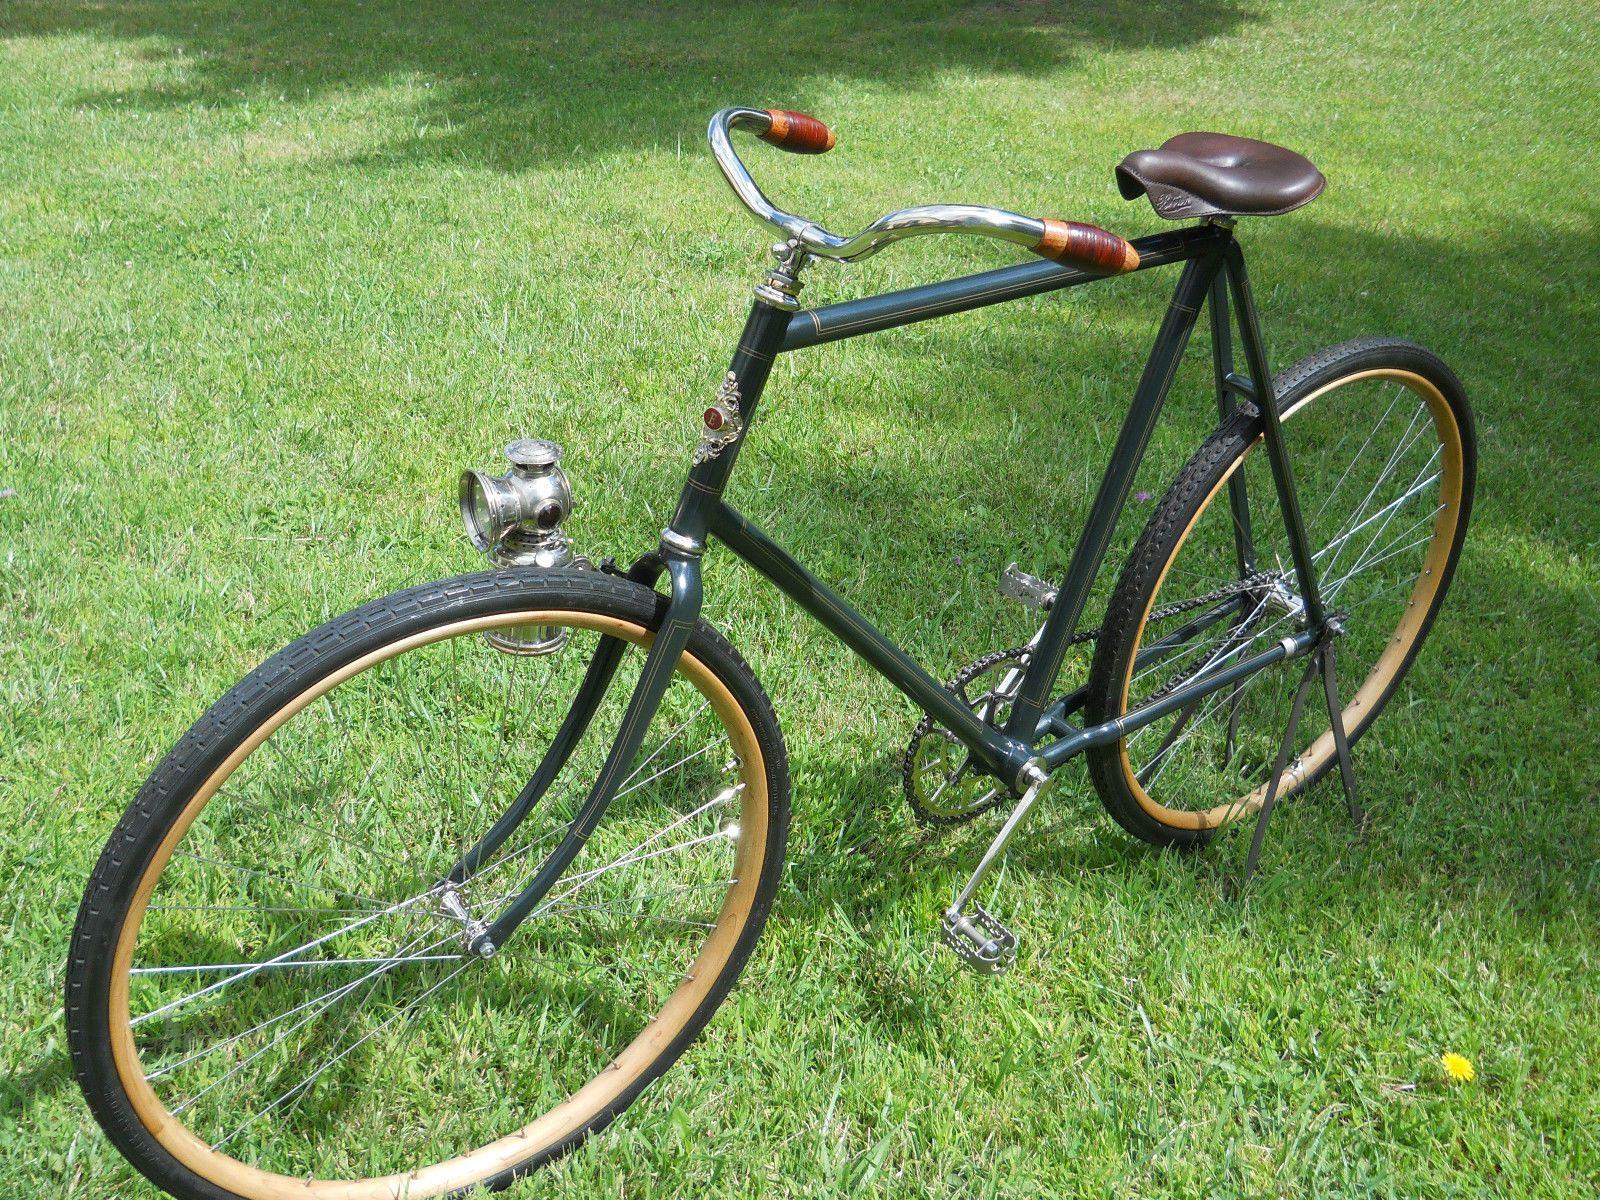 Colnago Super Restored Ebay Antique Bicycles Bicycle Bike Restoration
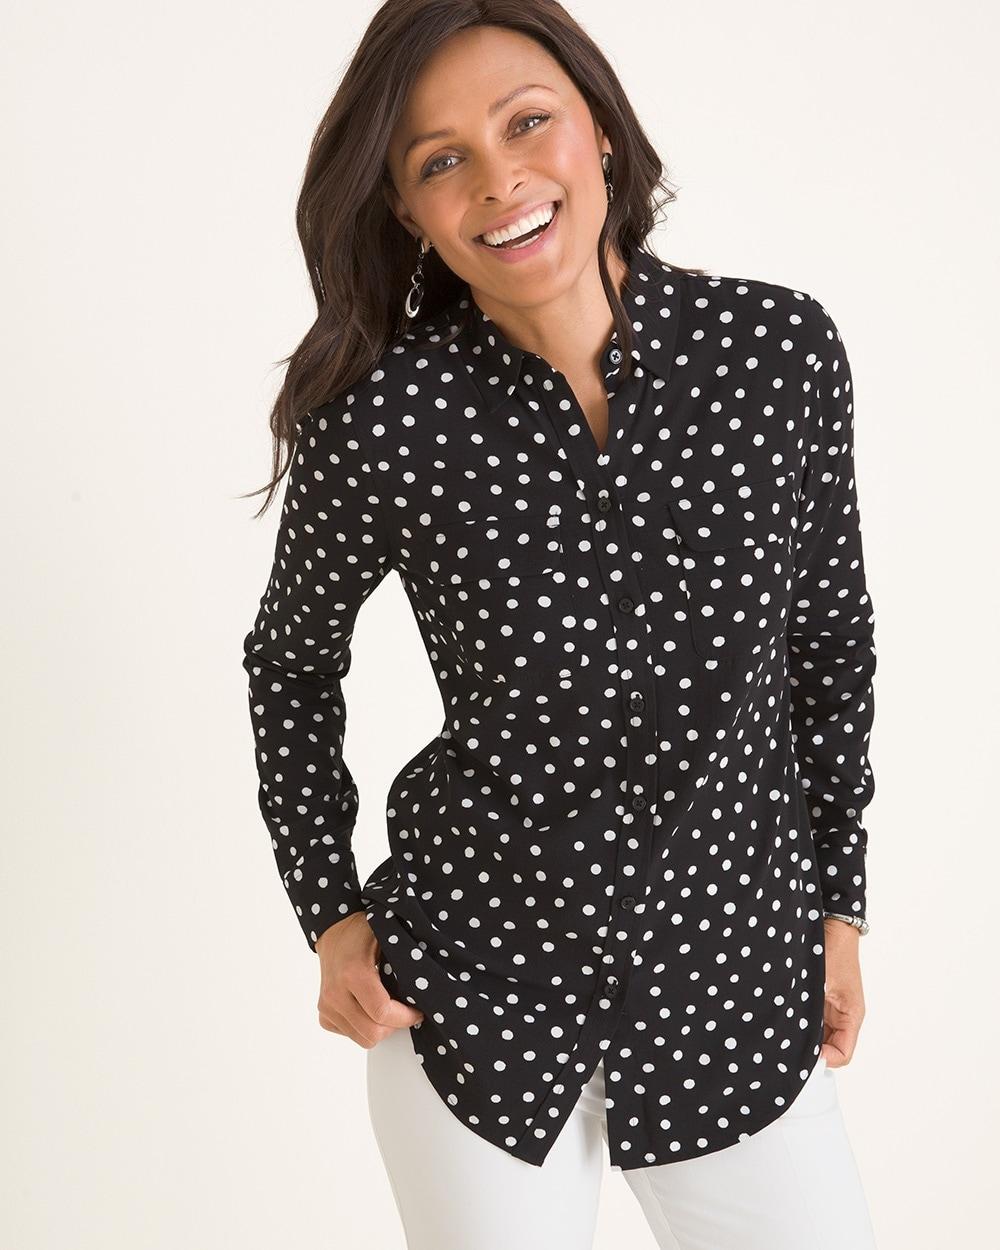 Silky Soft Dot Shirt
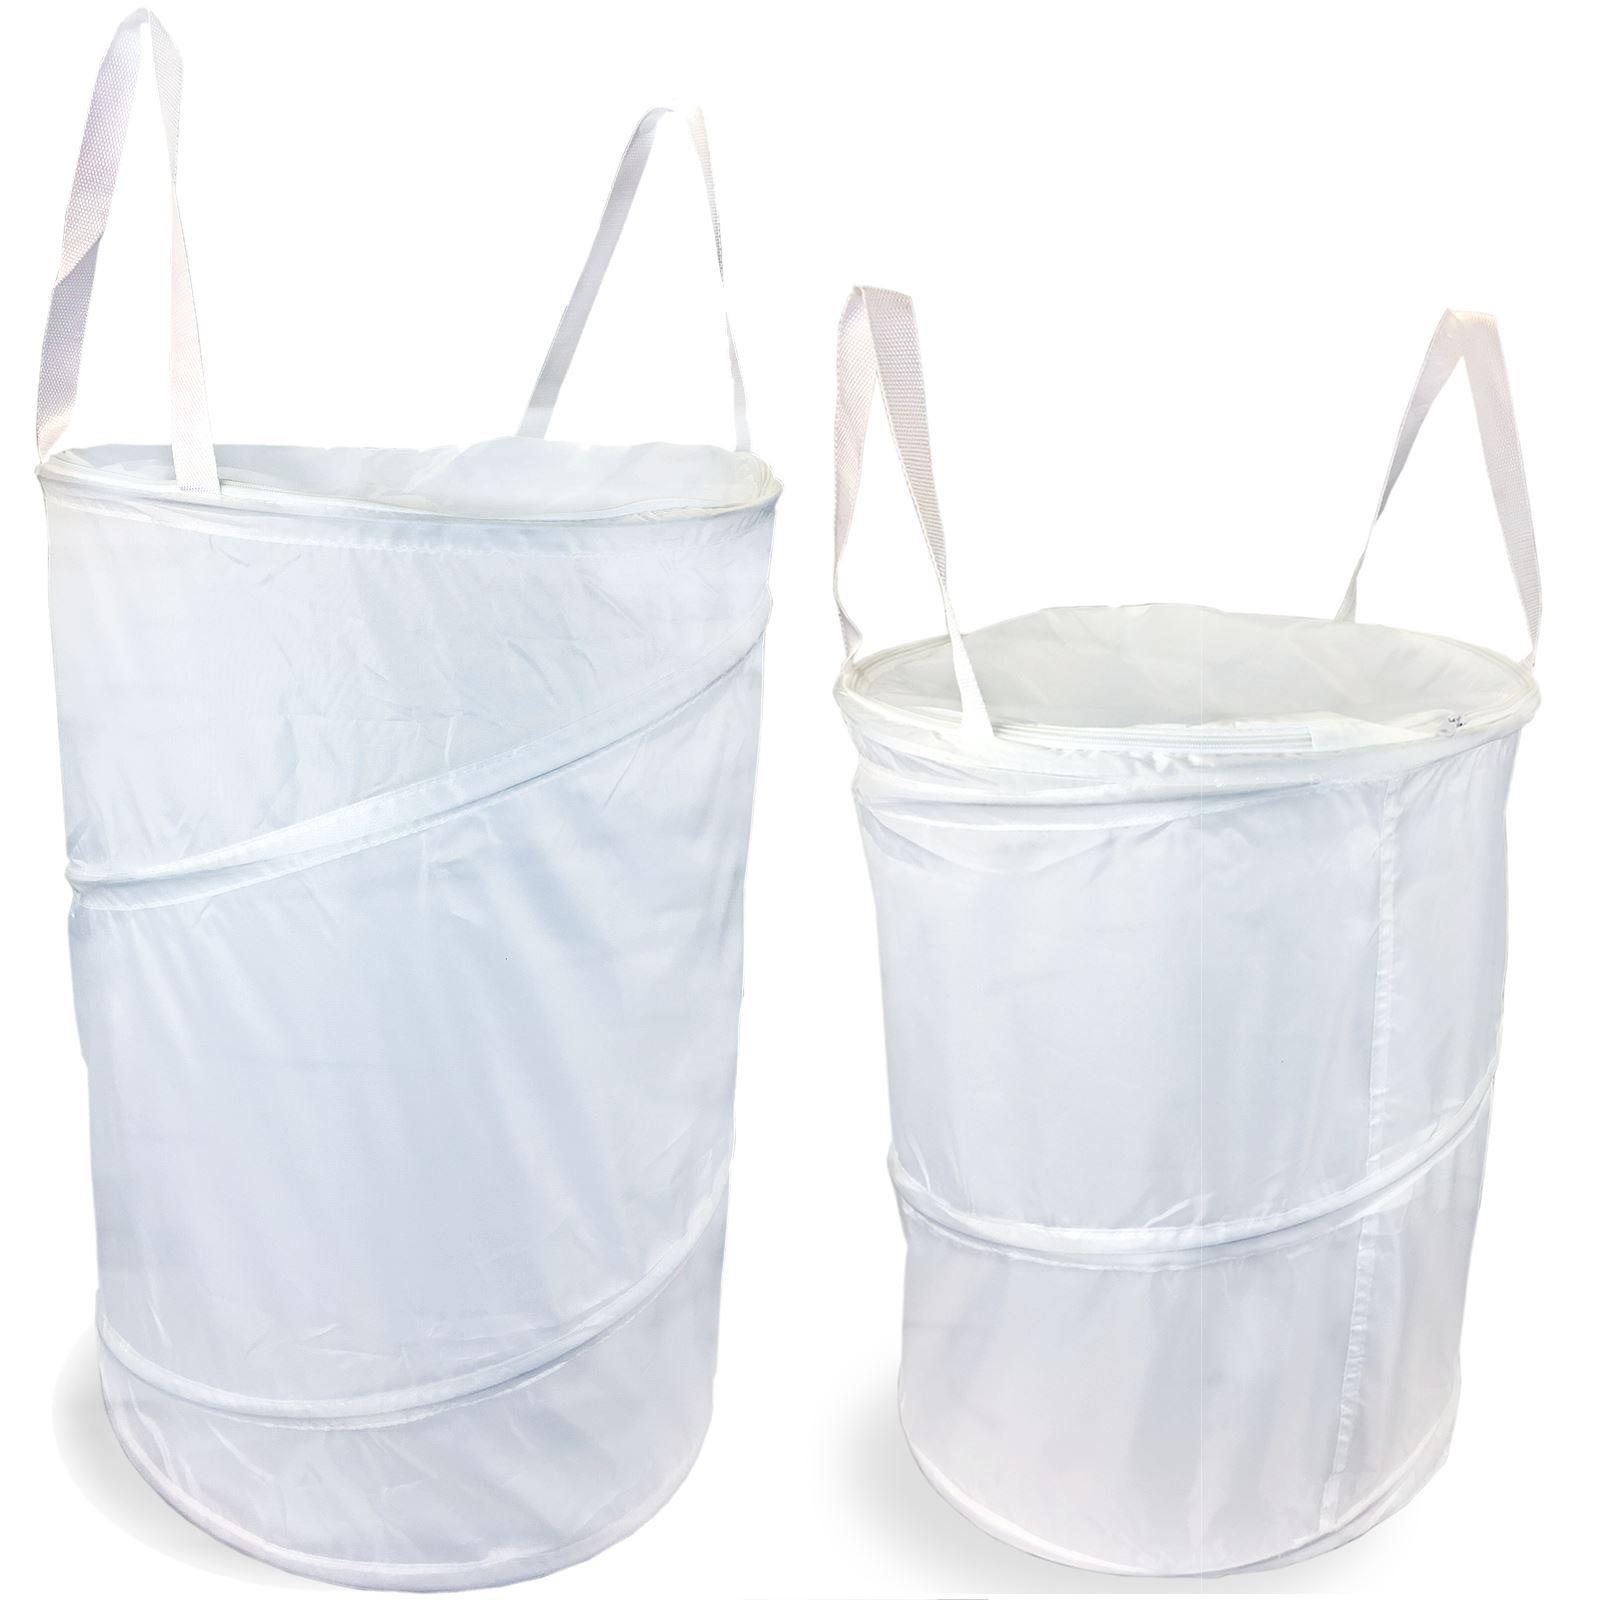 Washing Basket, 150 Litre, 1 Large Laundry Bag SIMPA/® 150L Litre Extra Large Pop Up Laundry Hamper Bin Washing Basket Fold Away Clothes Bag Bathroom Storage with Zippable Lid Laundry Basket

○ ○ ○ ○

### Task brief
Whenever a picture appears in the listing, leave it out; copy everything else exactly.

### Your response
 Colnago Super Restored Ebay Antique Bicycles Bicycle Bike Restoration
 Silky Soft Dot Shirt
 Washing Basket, 150 Litre, 1 Large Laundry Bag SIMPA/® 150L Litre Extra Large Pop Up Laundry Hamper Bin Washing Basket Fold Away Clothes Bag Bathroom Storage with Zippable Lid Laundry Basket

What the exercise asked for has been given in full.